The PCORI Health Care Horizon Scanning System (HCHSS) conducts horizon scanning to better inform its patient-centered outcomes research investments. Initially, PCORI defined the HCHSS project scope to focus on interventions with high potential for disruption in the United States in 5 priority areas: Alzheimer’s disease and other dementias, cancer, cardiovascular diseases, mental and behavioral health conditions, and rare diseases. In addition, the system captures high-level disruptive trends across all clinical areas, which may lead PCORI to expand the project scope to include other priority areas in the future.
In early 2020, the COVID-19 pandemic created a fast-moving, widespread public health crisis.
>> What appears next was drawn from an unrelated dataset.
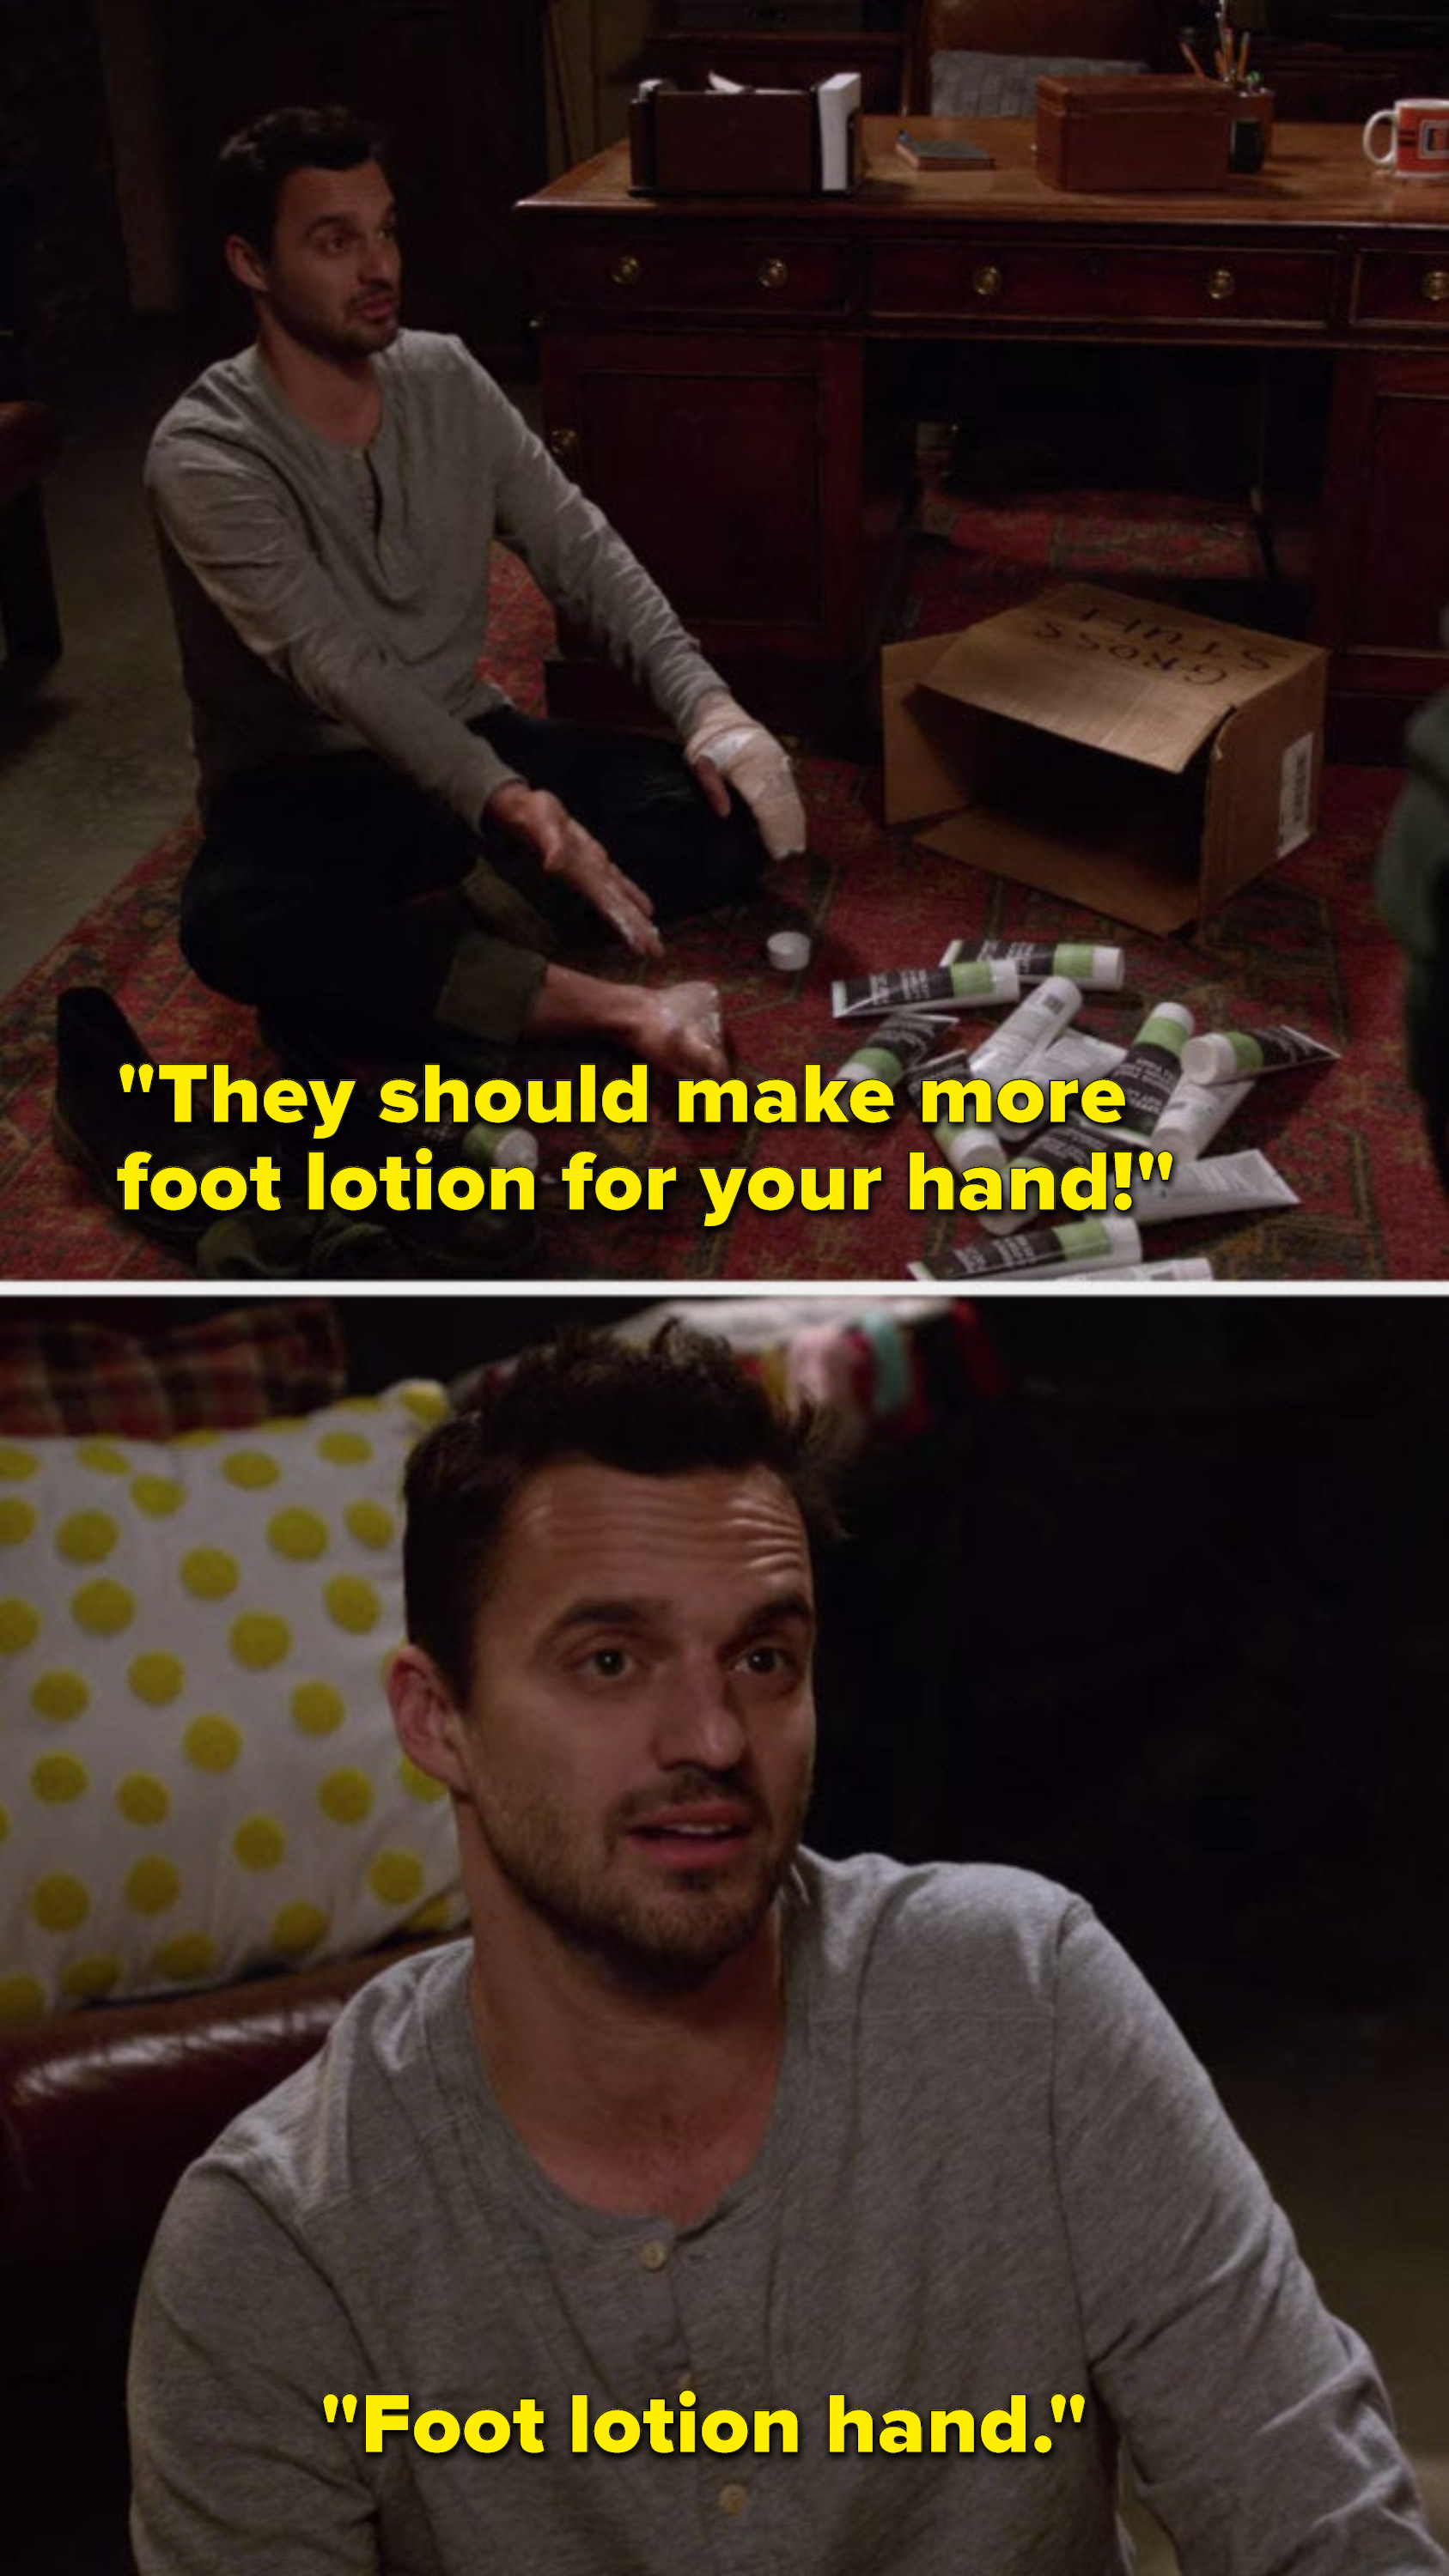 Nick says, &quot;&quot;They should make more foot lotion for your hand, foot lotion hand&quot;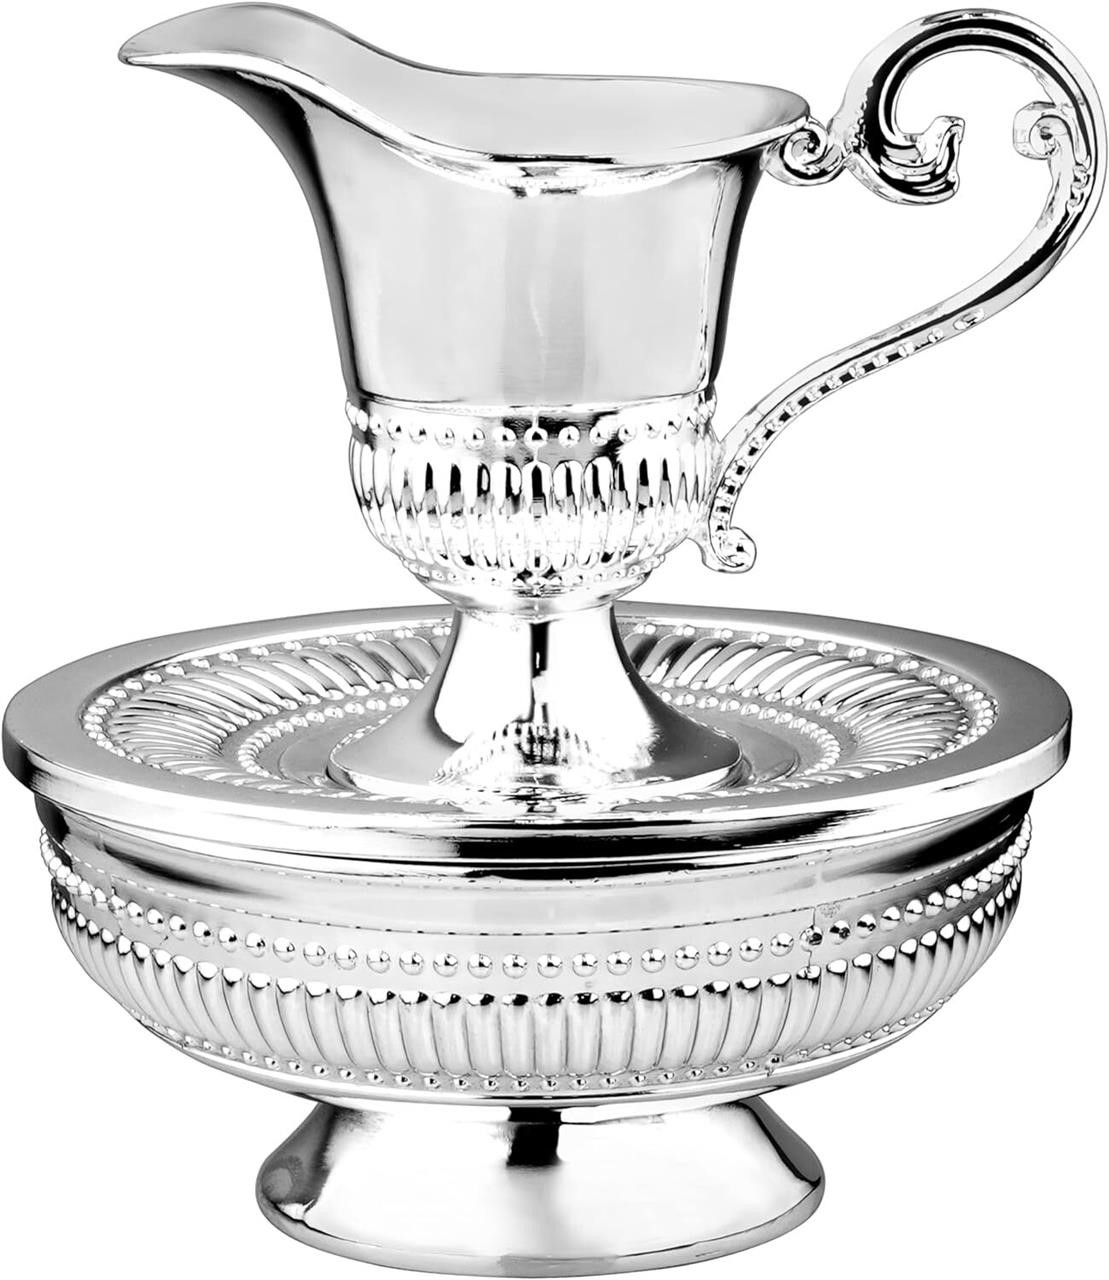 Silver Plated Judaica Washing Cup & Bowl Set

In May 2020, PCORI expanded its HCHSS to elucidate the landscape of potentially impactful applications for COVID-19. The HCHSS COVID-19 supplement scans for, identifies, monitors, and reports on emerging and available COVID-19-related treatments, diagnostics, preventive measures, management strategies, and systems changes with potential for high impact to patient outcomes—for individuals and populations—in the United States in the next 12 months.
The HCHSS COVID-19 supplement produces 3 main outputs:
- Biweekly COVID-19 Scans (eg, this document) provide ECRI Horizon Scanning with a vehicle to inform PCORI and the public in a timely manner of important topics of interest identified during ongoing scanning and topic identification or through the ECRI stakeholder survey process.
- Status Reports (quarterly) briefly list and describe all COVID-19-related topics identified, monitored, and recently archived.
- High Impact Reports (every 4 months) highlight those topics that ECRI internal stakeholders (eg, physicians, nurses, allied health professionals, public health professionals, first responders, health systems experts, clinical engineers, researchers, business and finance professionals, and information technology professionals) have identified as having potential for high impact relative to COVID-19 in the United States.
Commentary in this COVID-19 Scan reflects preliminary views of ECRI Horizon Scanning and internal ECRI stakeholders.
The information contained in this document has not been vetted by other stakeholders.